DiffusionTrend: A Minimalist Approach to Virtual Fashion Try-On

(-) The motivations are defective. i) Most SOTA methods only fine-tune the diffusion models and are not too computationally extensive. ii) The densepose/segment map/clothes-agnostic representations/keypoints are not additional inputs, but intermediate results from existing tools, and therefore do not complicate use at all. iii) There are many existing human parsing models (no need to use SegmentAnything) that are powerful and lightweight, which can be obtained by googling the keyword "human parsing model".

(-) There is little technical novelty. The training of a simple segmentation network (Sec. 3.2) is trivial and as mentioned above, unnecessary. The editing through masking & copying strategy (Sec. 3.3) is also trivial in diffusion-based image editing (VTON is a niche of general image editing).

(-) The results are much worse than the state-of-the-art methods and are not meaningful. Specifically, due to the masking and replication strategies used in the proposed method, the clothes are not really "worn" on the body, but rather look like images attached to the body. For example, in Fig. 4, row 1: the wrinkles of the clothes are lost; row 3: the edge of the shorts are not removed and break the shape of the dress; row 4: the result ignores the body shape of the lady.

(-) The evaluation is limited. The types of clothes tested are much fewer than SOTA. All the examples have a simple background.

Therefore, the contributions of this paper are poor.

1. The statement in line 161 "Traditional segmentation models (He et al., 2017; Kirillov et al., 2023) are typically employed to generate masks. However, in environments where numerous users engage in online consultations simultaneously, computational efficiency becomes crucial. For instance, Segment Anything (Kirillov et al., 2023), while effective, incurs a significant computational cost , which can be impractical for real-world applications, especially when scalability and cost-effectiveness are paramount" is inaccurate. In fact, input model images and input garment images can be automatically preprocessed through existing pretrained human-parsing models to obtain denpose, openpose, parsing images, agnostic images, etc. Please refer to the code [1][2]. Large segmentation model such as Segment Anything is NOT used. In addition, the computational overhead of image segmentation is very small compared to the diffusion denoising process.

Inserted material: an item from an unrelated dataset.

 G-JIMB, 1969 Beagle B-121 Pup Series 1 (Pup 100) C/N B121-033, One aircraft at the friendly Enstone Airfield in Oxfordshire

2. There are many existing warping methods, yet this work has chosen to use a simple network to observe the mask and employ perspective transformations to deform the clothing. This does not simulate the myriad of clothing deformations that occur in a real try-on process, often leading to ill-fitting try-ons. In fact, since this work is divided into the warp cloth and diffusing process parts, it's necessary to show and discuss the effects of the warp cloth and beneficial to compare it with explicit warping models.

3. The inference speed of this method should be much slower than typical methods (possibly three times the duration), if I have not misunderstood, as the DDIM inversion takes nearly the same number of steps as the DDIM sampling.

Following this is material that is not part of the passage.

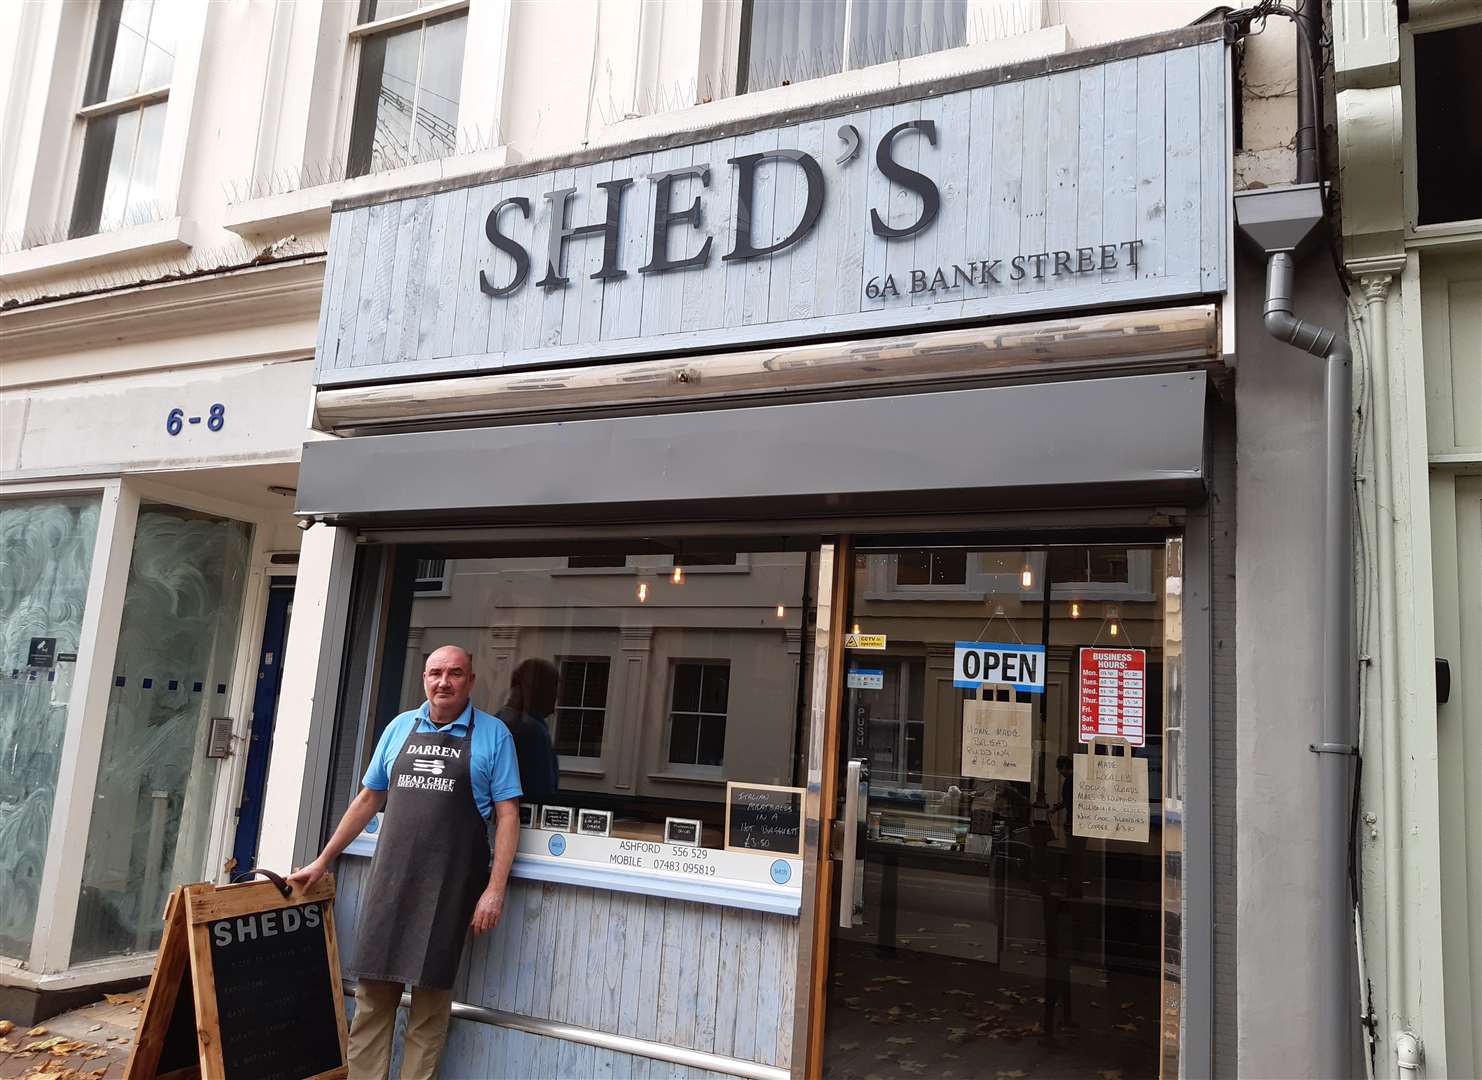 Mr Groves, known as 'Shed', opened his site in Bank Street last month

4. The qualitative comparison in Fig. 4 appears to show that the results produced by DiffusionTrend have noticeably oversaturated colors.

[1] https://github.com/sangyun884/HR-VITON/issues/45

[2] https://github.com/levihsu/OOTDiffusion

In my humble opinion, the biggest drawback lies in the assumption this paper makes about not using accurate off-the-shelf segmentation methods. SDXL base model which is likely used in this paper has around 3.5 billion parameters, while a SAM-B [1] has around 94.7 million parameters and SAM2 [2] Hiera Tiny has around 38.9 million parameters. These segmentation methods are significantly less computationally intensive as the base diffusion model. In my understanding of the proposal here, the segmentation requires a single forward pass, the outputs of which is used in the different steps of the diffusion model.

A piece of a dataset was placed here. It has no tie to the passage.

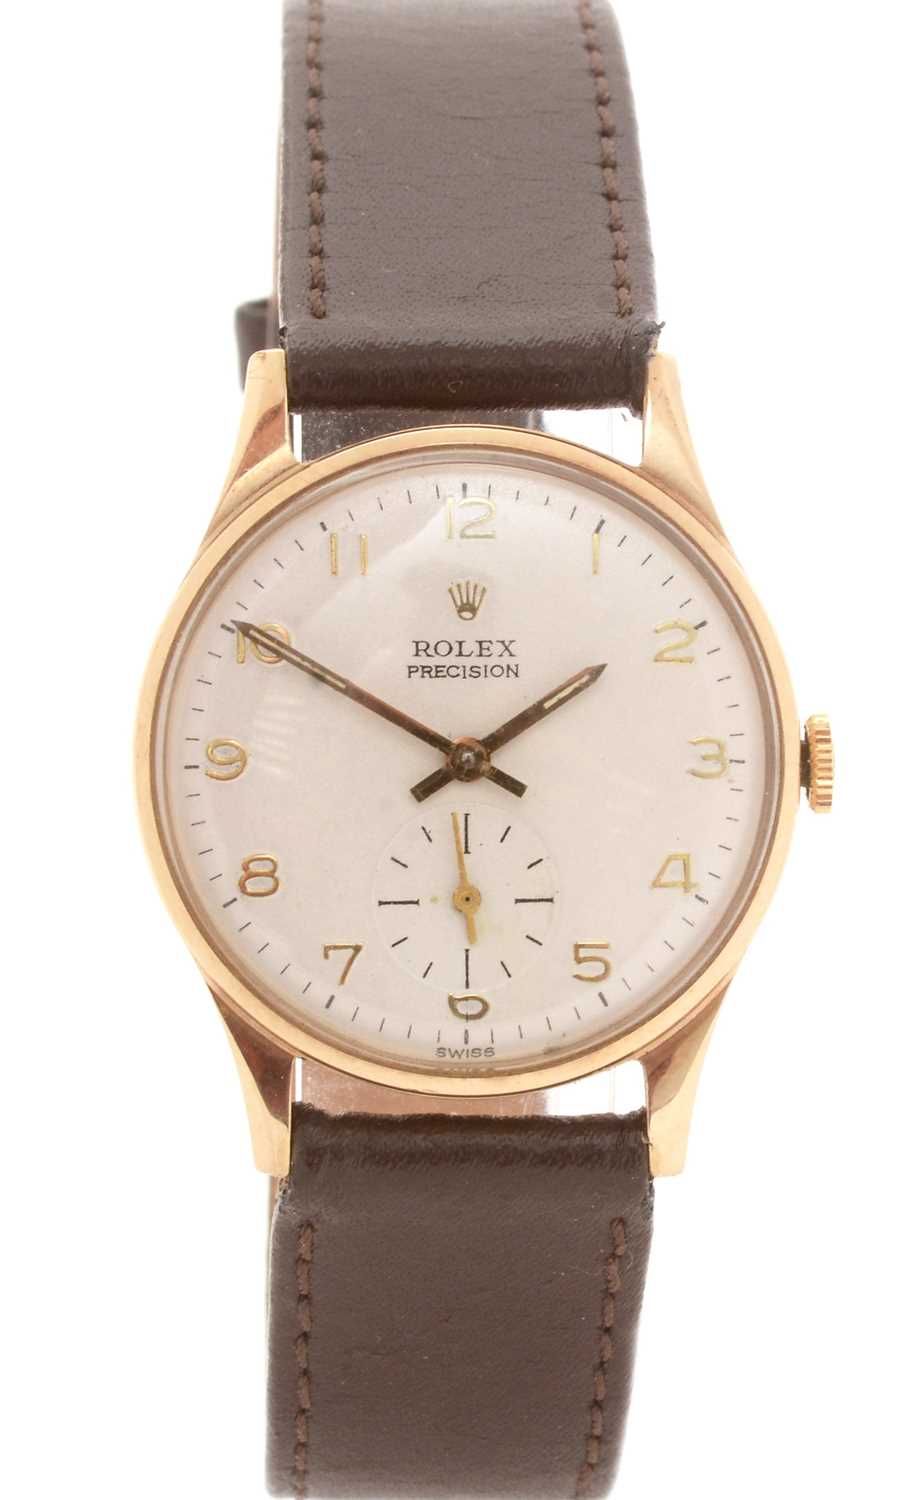 Lot 10 - Rolex Precision: a 9ct yellow gold cased wristwatch

The paper has several further drawbacks:

• Using an off-the-shelf segmentation method bypasses training anything completely. Comparing the lightweight CNN against SAM, SAM2 or SCHP [3] would help show the advantage of the proposal.
• Comparing the accuracy of masks in Figure 2 is done against attention maps. It would be insightful to the reader if the comparison was against more reliable segmentation methods like SAM, SAM2 or SCHP inspite of their additional resource requirements.
• Lacks specific details on many information (I have marked them as questions in the next sections).
  • Which method was used in 2-clustering mentioned in Eq. 7?
  • Reshaping of the masks shown on the top-right of in Figure 3c. Why and how is this reshaping done? It is mentioned in the paper that

By reshaping the contents of Bg to the size of Bm and applying appropriate perspective transformations to simulate image rotation, we align the target garment with the position and size of the clothing in the model image. It is unclear how this transformation was achieved. Why not use the M^m directly since thats the only place that needs to be replaced.

• Following the previous question, M^g is used in Eq. 8 which is the garment mask. It seems unclear why M^g is used since it does not align with the model image.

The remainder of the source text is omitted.